Submit to a Benchmark
This tutorial is an extended version of the Quickstart Guide
import polaris as po
from polaris.hub.client import PolarisHubClient
with PolarisHubClient() as client:
client.login()
Load from the Hub¶
Datasets and benchmarks are identified by a owner/slug
id.
benchmark = po.load_benchmark("polaris/hello-world-benchmark")
Loading a benchmark will automatically load the underlying dataset.
You can also load the dataset directly.
dataset = po.load_dataset("polaris/hello-world")
train, test = benchmark.get_train_test_split()
The created objects support various flavours to access the data.

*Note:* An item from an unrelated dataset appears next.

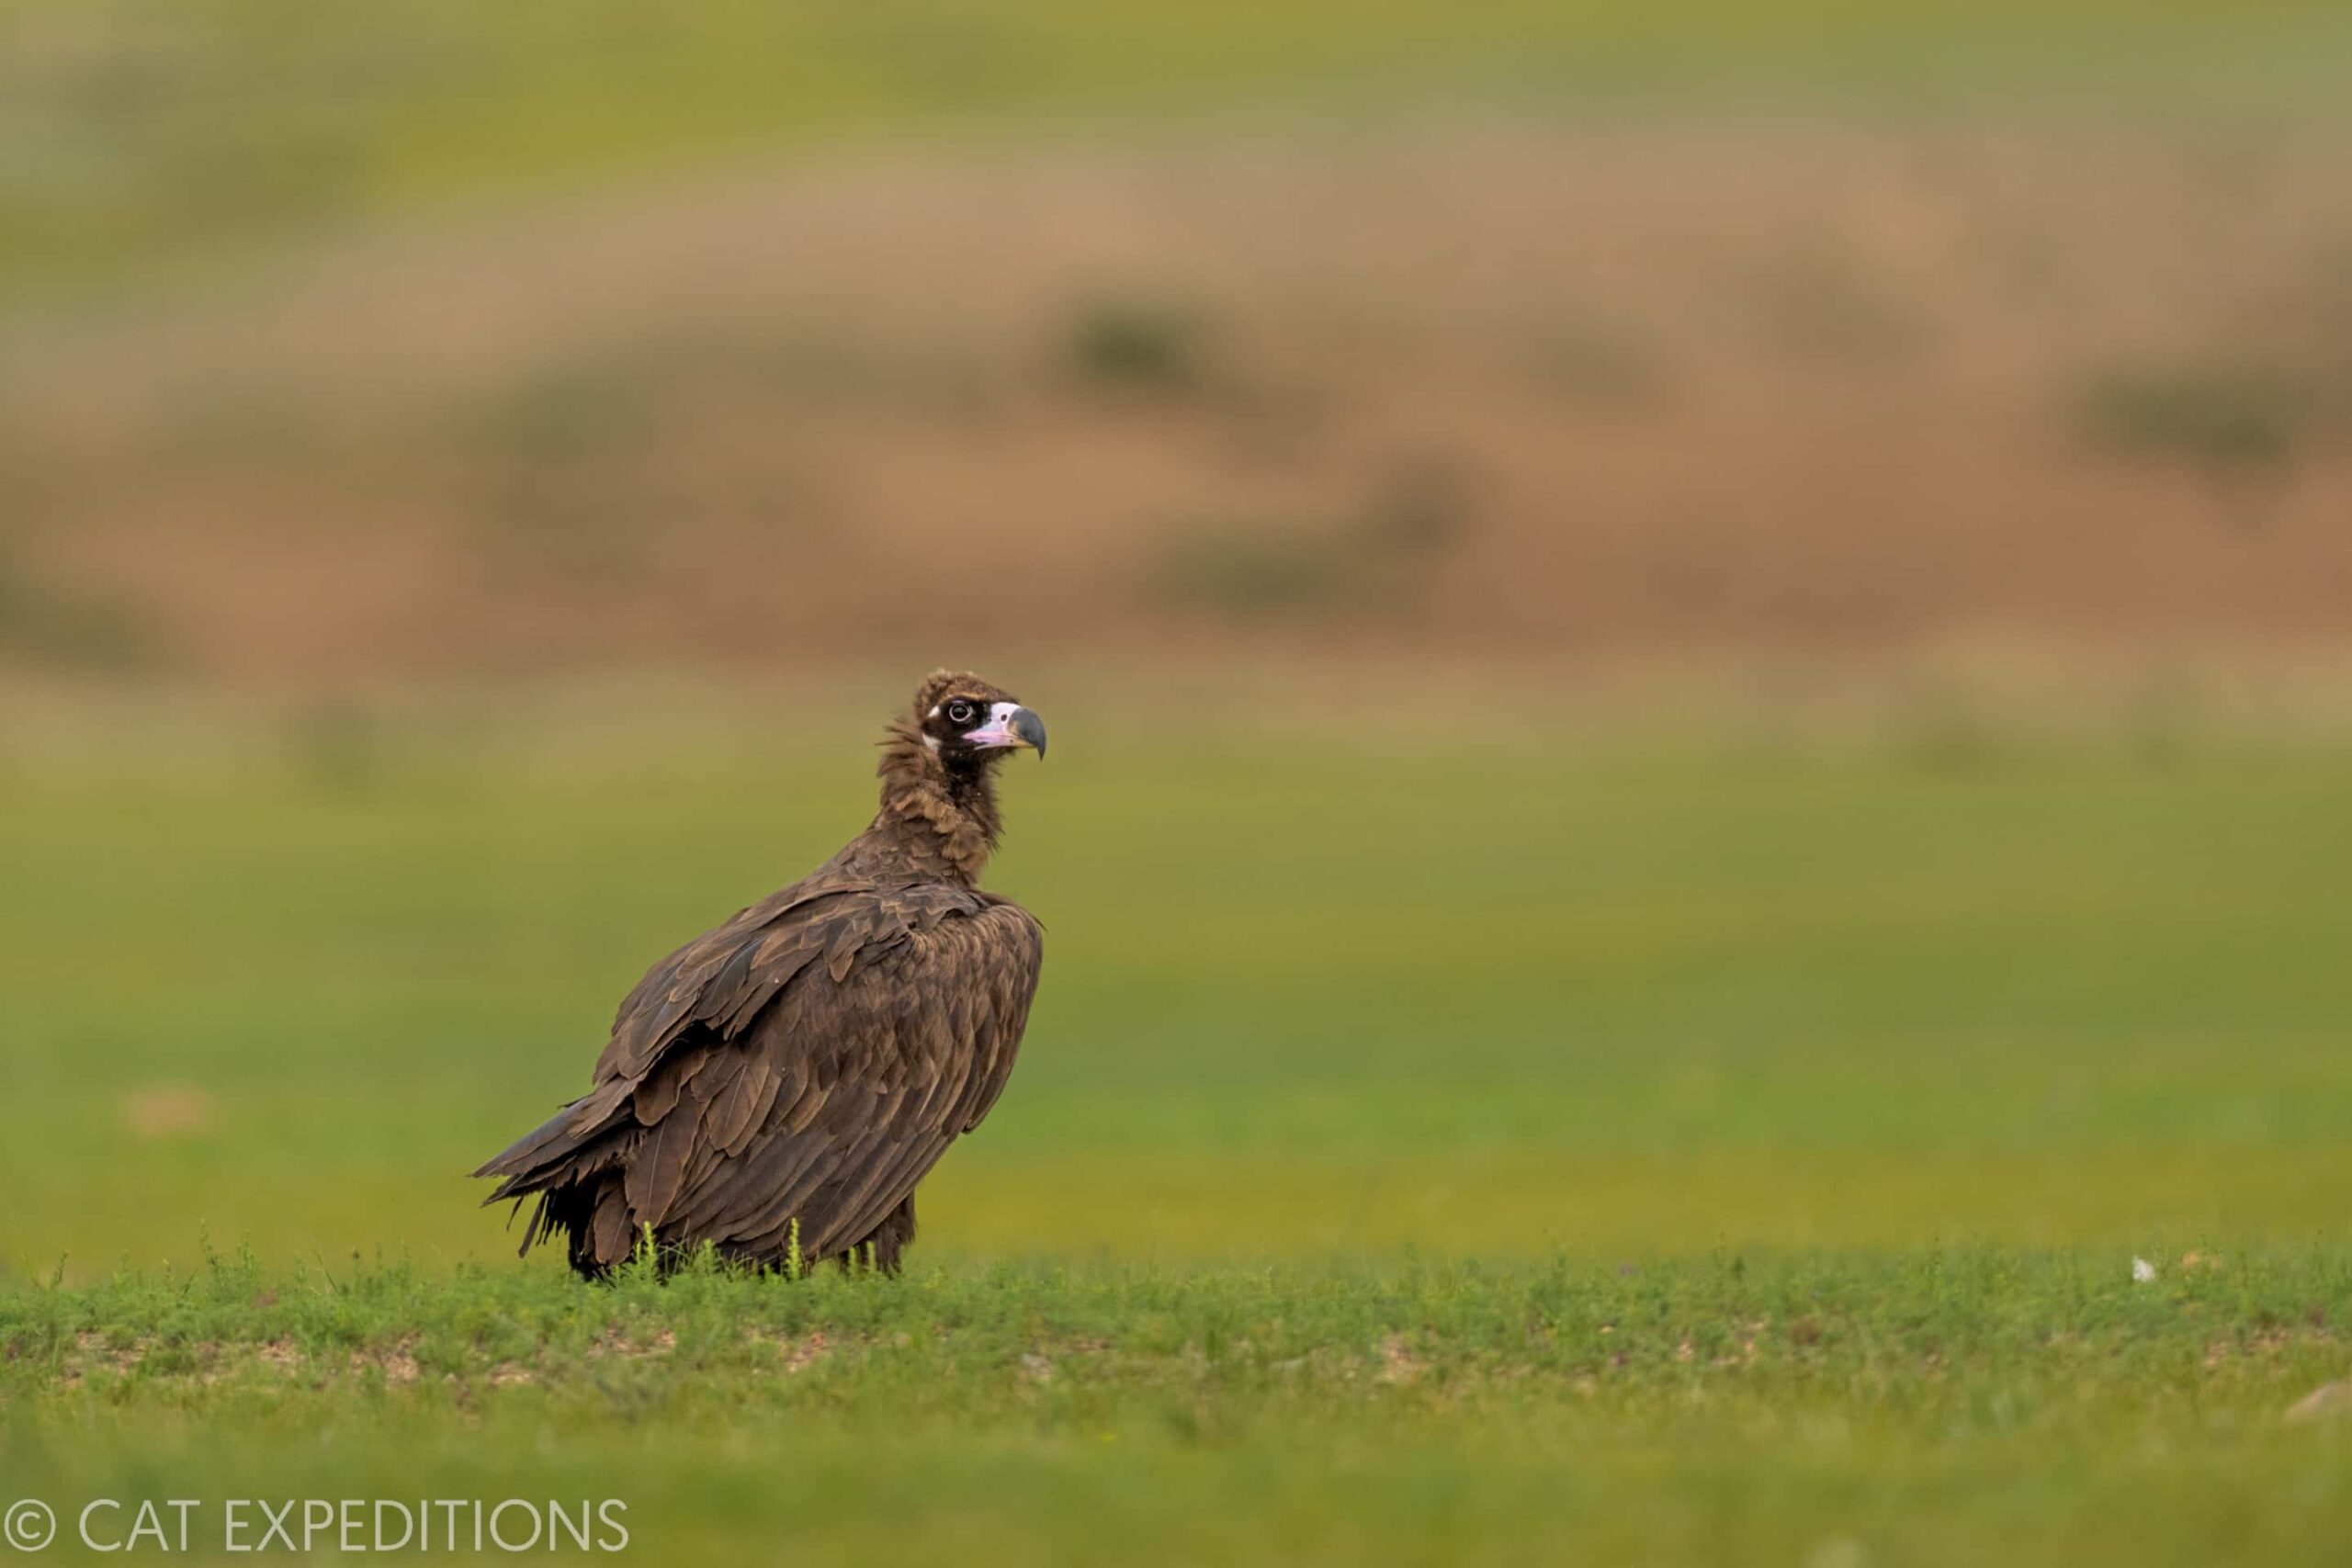 Cinereous Vulture (Aegypius monachus) photographed near the road on our way to eastern Mongolia

- The objects are iterable;
- The objects can be indexed;
- The objects have properties to access all data at once.
for x, y in train:
pass
for i in range(len(train)):
x, y = train[i]
x = train.inputs
y = train.targets
To avoid accidental access to the test targets, the test object does not expose the labels and will throw an error if you try access them explicitly.
for x in test:
pass
for i in range(len(test)):
x = test[i]
x = test.inputs
# NOTE: The below will throw an error!
# y = test.targets
We also support conversion to other typical formats.
df_train = train.as_dataframe()
Submit your results¶
In this example, we will train a simple Random Forest model on the ECFP representation through scikit-learn and datamol.
import datamol as dm
from sklearn.ensemble import RandomForestRegressor
# We will recreate the split to pass a featurization function.
train, test = benchmark.get_train_test_split(featurization_fn=dm.to_fp)
# Define a model and train
model = RandomForestRegressor(max_depth=2, random_state=0)
model.fit(train.X, train.y)
predictions = model.predict(test.X)
As said before, evaluating the submissions should be done through the evaluate()
endpoint.
results = benchmark.evaluate(predictions)
results
Before uploading the results to the Hub, you can provide some additional information about the results that will be displayed on the Polaris Hub.
# For a complete list of metadata, check out the BenchmarkResults object
results.name = "hello-world-result"
results.github_url = "https://github.com/polaris-hub/polaris-hub"
results.paper_url = "https://polarishub.io/"
results.description = "Hello, World!"
results.tags = ["random_forest", "ecfp"]
results.user_attributes = {"Framework": "Scikit-learn"}
Finally, let's upload the results to the Hub!
results.upload_to_hub(owner="my-username", access="public")
That's it! Just like that you have submitted a result to a Polaris benchmark
The End.